# san louis pass camping trip this weekend



## Thisjustin (Mar 23, 2012)

i was wondering how the night fishing from the shore is here? never been there at night before. i dont have a kayak to paddle out to drop the line so thats out of the question, nor will i wade in the water at night. so i guess my question is: is it worth it to fish at night here or should i get some sleep to get up in the morning?:cheers:


----------



## Auer Power (Jun 16, 2009)

Depends on which side of the Pass you plan on camping/fishing on.
Galveston or Freeport side?
Inside the Pass or outside?


----------



## Thisjustin (Mar 23, 2012)

Auer Power said:


> Depends on which side of the Pass you plan on camping/fishing on.
> Galveston or Freeport side?
> Inside the Pass or outside?


freeport side, inside the pass


----------



## Auer Power (Jun 16, 2009)

That area is turning into a sandbar quick.
I am sure you can pick up something in there, it's just getting more shallow by the day.
There are atleast 10 people wade fishing there everytime I go through the area.
I'd suggest the inside of the pass on the Galveston side. It drops of closer to the bank over there (6-8ft) opposed to 2-3ft on the Freeport side.

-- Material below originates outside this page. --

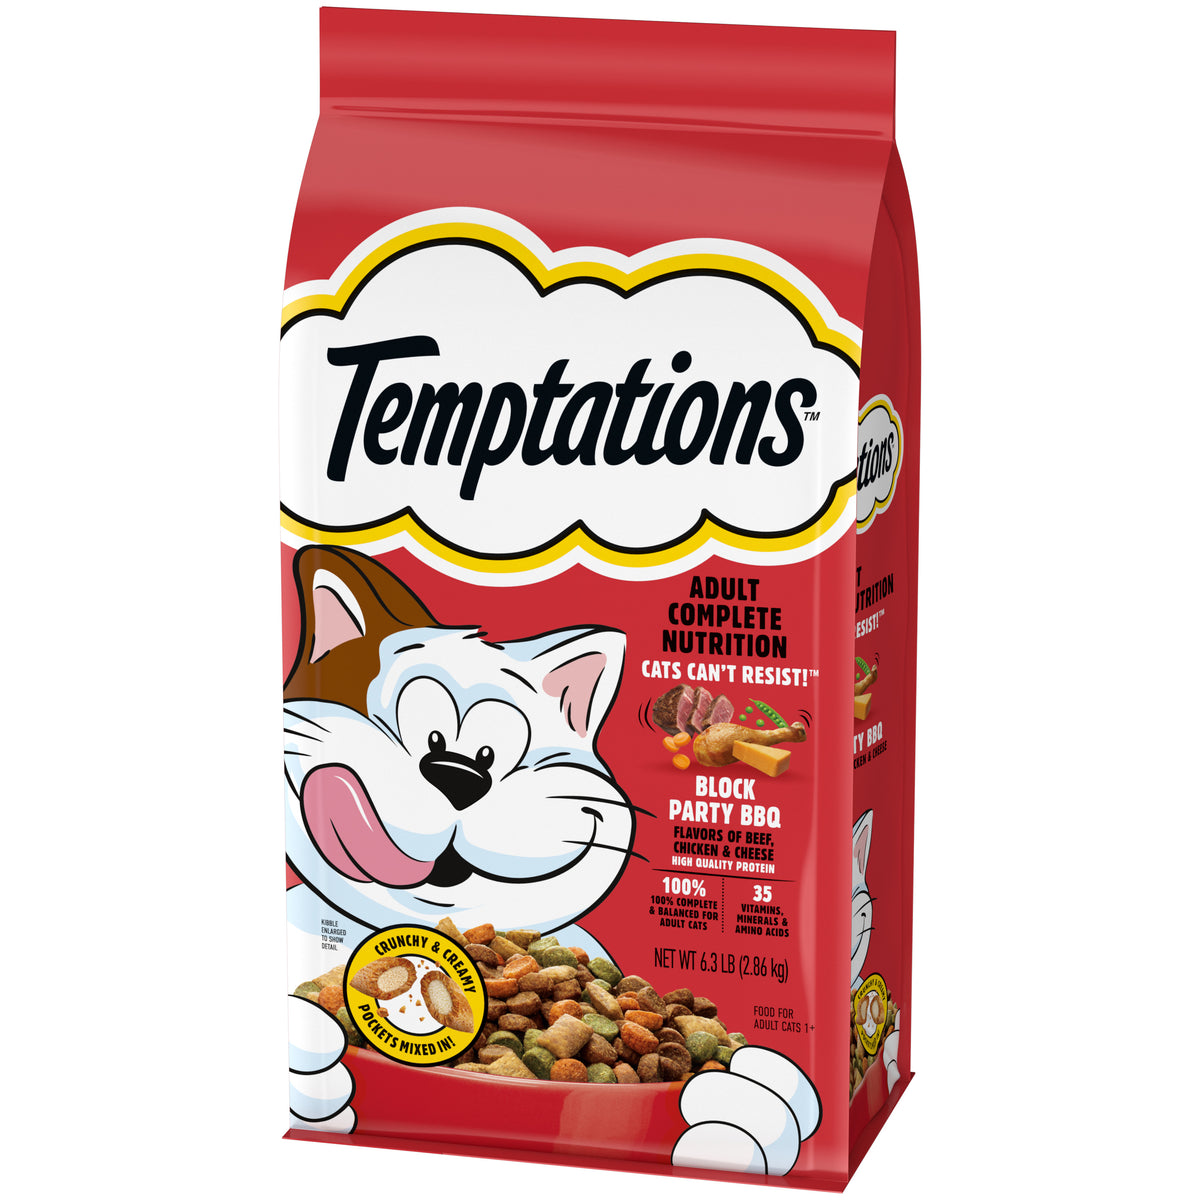 [Temptations][TEMPTATIONS Adult Dry Cat Food, Block Party BBQ Flavor, 6.3 lb. Bag][Image Center Right (3/4 Angle)]

It's always fun to throw some cut bait out during the night and see what you can catch. I'd say you'll probably get some reds, shark and stingray where your talking about at night. If the waters decent you may even get a jack.


----------



## txbayfisher1959 (Apr 16, 2012)

be extremely careful of the currents and shifting sand while wading. get there before dark to survey the shoreline. take a shotgun for personal protection, due to the rough crowds reported down the beach on weekends


----------



## tx7475 (Apr 12, 2011)

I was there not long ago . Talk about a change in crowds from years ago . I remember when the graffiti was still in english .. Man i miss those days . LOL


----------



## Rawpower (Jul 4, 2011)

I would fish from the Freeport side but it’s up to you. Be very careful of the currents. The sand is always shifting around and currents are always dangerous. I never fished at night at SLP. If I did I would have some lights and a generator. Have fun!


----------



## txsharkhunter (Feb 28, 2012)

I'll probably be there on the Freeport side and I have a yak for baits.


----------



## lipjerker (Apr 27, 2012)

Here is one for you. I have been fishing at the pass bridge since it was built. I fished at night from the Galveston side all the time. I have waded for flounder at night and get this...waded out behind the bridge to about chest deep on a full moon once and threw mirror lures. Caught a few trout and reds but the real adventure was while I was there alone and all was quiet I could hear huge fish slashing bait on top, some only yards away, Kind of takes your breath away when you know you're part of the food chain.


----------



## tburns67 (May 25, 2004)

How is the grass? I am considering driving down tonight to SLP too.


----------



## saltup83 (Jul 15, 2010)

SLP is the only place I fish and always camp out on the beach on freeport side. i fish all day and usually call quits about 2-3am leaving bait in water and have woke up to a 40in Bull Red and sting ray. never been skunked at SLP.


----------